The linewidths argument accepts a scalar value or array, and the default value is None. This linewidths argument defines the width of marker edges. The edgecolors argument allows choosing the line edge color of the markers. In this example, we assigned the line width as 1.1 and the edge color to green.

import pandas as pd
from matplotlib import pyplot as plt

df = pd.read_excel('/Users/suresh/Downloads/Global_Superstore.xls')

market_data = df.groupby('Order Date')[['Quantity', 'Profit']].sum()

plt.scatter(market_data['Quantity'], market_data['Profit'], 
            color = 'red', marker = '*', alpha = 0.6,
            s = 100,  linewidths = 1.1, edgecolors = 'g')

plt.title('Line Width Example')

plt.show()
linewidths 12

Multiple scatter Charts

The Python matplotlib pyplot scatter function also allows you to draw multiple plot values. First, we plot y against x, and then we plot z against x. It will display z and y values agist x in one chart to differentiate them. We used red and blue colors.

import matplotlib.pyplot as plt

x = [1, 9, 5, 3, 8, 6, 2, 4, 7]

y = [22, 4, 40, 27, 33, 15, 5, 20, 30]

z = [16, 35, 4, 19, 20, 40, 35, 7, 12]

plt.scatter(x, y, color = 'blue')
plt.scatter(x, z, color = 'red')
plt.show()
Multiple Python matplotlib Scatter Plot 13

It is another example of drawing multiple plots. However, this time, we are using the CSV file to compare the Region and Market Sales against the Profits.

df = pd.read_excel('/Users/suresh/Downloads/Global_Superstore.xls')

region_data = df.groupby('Region')[['Sales', 'Profit']].sum()

market_data = df.groupby('Market')[['Sales', 'Profit']].sum()

plt.scatter(region_data['Profit'], region_data['Sales'],
            s= 100, marker = '*', color = 'yellow',
             linewidths = 1.1, edgecolors = 'g')

plt.scatter(market_data['Profit'], market_data['Sales'],
            s =100, marker = 'o', color = 'r')

plt.title('Multiple ones')

plt.show()
Multiple ones sharing same X and Y-axis with different Marks 14

Add a legend

As you can see from the above screenshot, you might not know or identify which markers represent the Region’s Sales and Market. To resolve this, you can use the legend function to add a legend to the Scatter plot.

df = pd.read_excel('/Users/suresh/Downloads/Global_Superstore.xls')

region_data = df.groupby('Region')[['Sales', 'Profit']].sum()

market_data = df.groupby('Market')[['Sales', 'Profit']].sum()
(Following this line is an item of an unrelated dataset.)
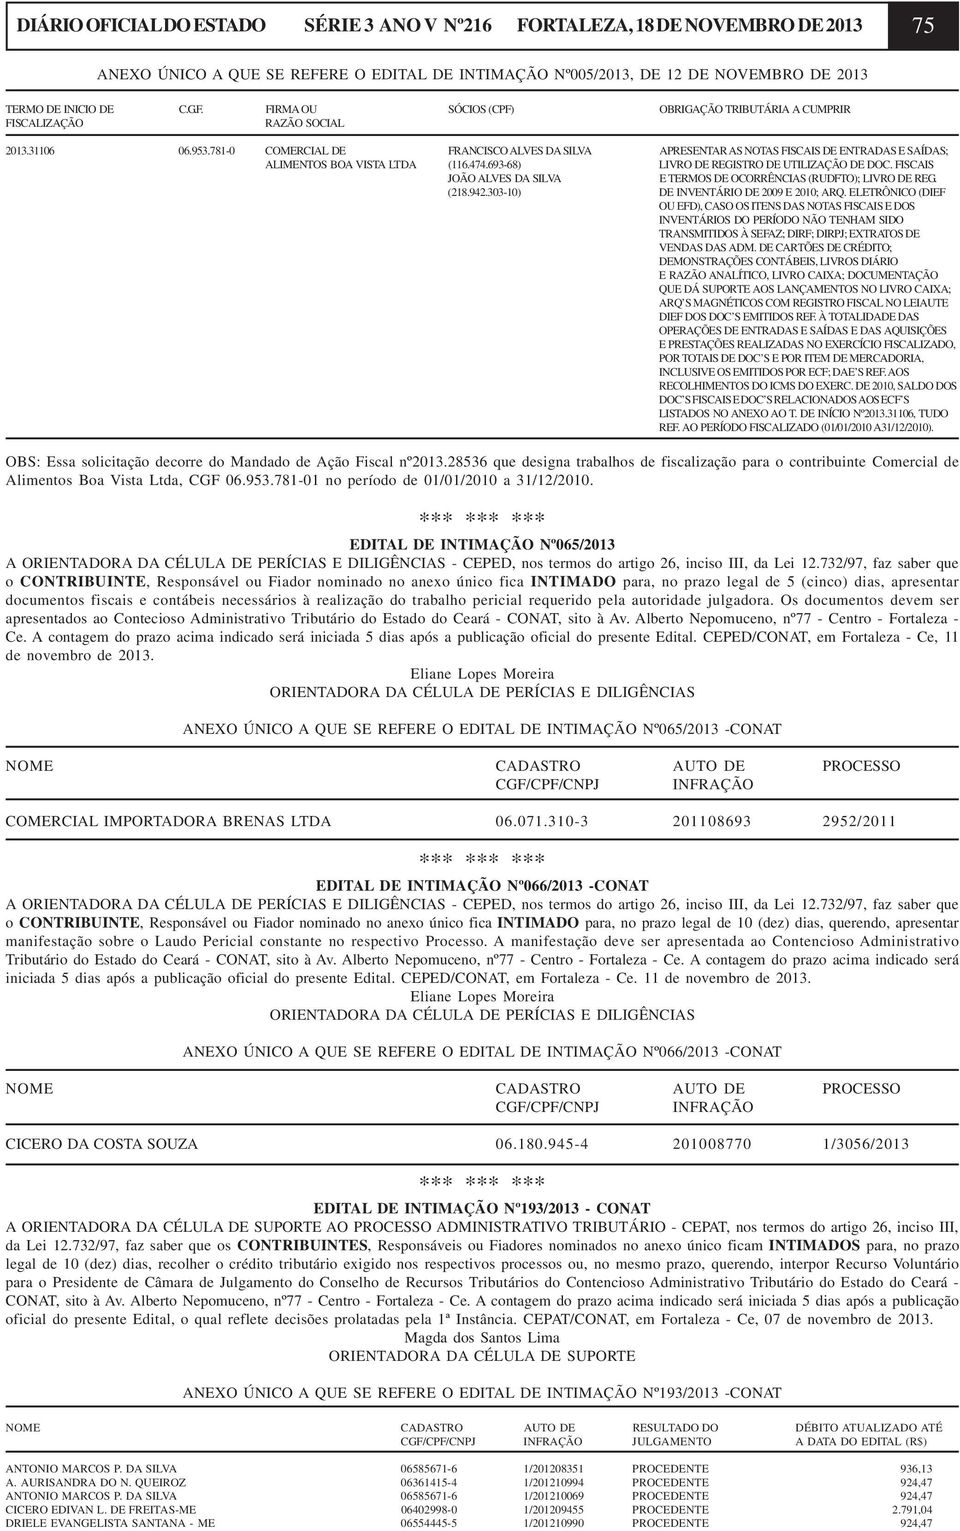 FISCAIS JOÃO ALVES DA SILVA E TERMOS DE OCORRÊNCIAS (RUDFTO); LIVRO DE REG. (218.942.303-10) DE INVENTÁRIO DE 2009 E 2010; ARQ.

plt.scatter(region_data['Profit'], region_data['Sales'],
            label = 'Region Sales',
            s= 100, marker = '$\heartsuit$', color = 'b',
             linewidths = 1.2, edgecolors = 'g')

plt.scatter(market_data['Profit'], market_data['Sales'],
            label = 'Market Sales',
            s =100, marker = '$\clubsuit$', color = 'r')

plt.legend()
plt.show()
Add Legend 15

Highlight Area

In some situations, you might need to focus on a particular location or area within the scatter plot. So, you need to highlight that particular area for better focus. All you need to do for this is add patches to an existing one. In this example, we are adding a rectangle to highlight the area.

import pandas as pd
import matplotlib.pyplot as plt
import matplotlib.patches as patches

df = pd.read_excel('/Users/suresh/Downloads/Global_Superstore.xls')

market_data = df.groupby('Order Date')[['Quantity', 'Profit']].sum()

fig, ax = plt.subplots()

ax.scatter(market_data['Quantity'], market_data['Profit'], 
            color = '#A90303', marker = '*', alpha = 0.6,
            s = 100,  linewidths = 1.1, edgecolors = '#A4F5AF')

ax.add_patch(patches.Rectangle((50, -50), 100, 2000, alpha = 0.3))

plt.show()
Python matplotlib Scatter Plot 16

Similarly, we can add a circle to the area. Apart from this, we can format that circle to view it better. In this example, we add a circle to this chart of random values and then format the color, line widths, etc.

import matplotlib.pyplot as plt
import matplotlib.patches as patches
import numpy as np

x = np.random.randint(10, 100, 30)

y = np.random.randint(10, 101, 30)

colors = np.random.rand(30)

fig, ax = plt.subplots()

ax.scatter(x, y, c = colors, alpha = 0.5, s = y*10)

ax.add_patch(
    patches.Circle((40, 60), 20, alpha = 0.3,
                   edgecolor = 'red', facecolor = 'yellowgreen',
                   linewidth = 2, linestyle = 'solid'))

plt.show()
Add Circle to it 17

By using the axvline function, you can add a vertical line inside a Python matplotlib pyplot scatter plot. Similarly, use the axhline to add a horizontal line.

import pandas as pd
import matplotlib.pyplot as plt
import matplotlib.patches as patches

df = pd.read_excel('/Users/suresh/Downloads/Global_Superstore.xls')

market_data = df.groupby('Order Date')[['Quantity', 'Profit']].sum()

plt.scatter(market_data['Quantity'], market_data['Profit'], 
            color = '#A90303', marker = '*', alpha = 0.6,
            s = 100,  linewidths = 1.1, edgecolors = '#A4F5AF')

plt.axvline(150, color = 'b')
plt.axhline(1000, color = 'red')
plt.show()
Python matplotlib Scatter Plot 18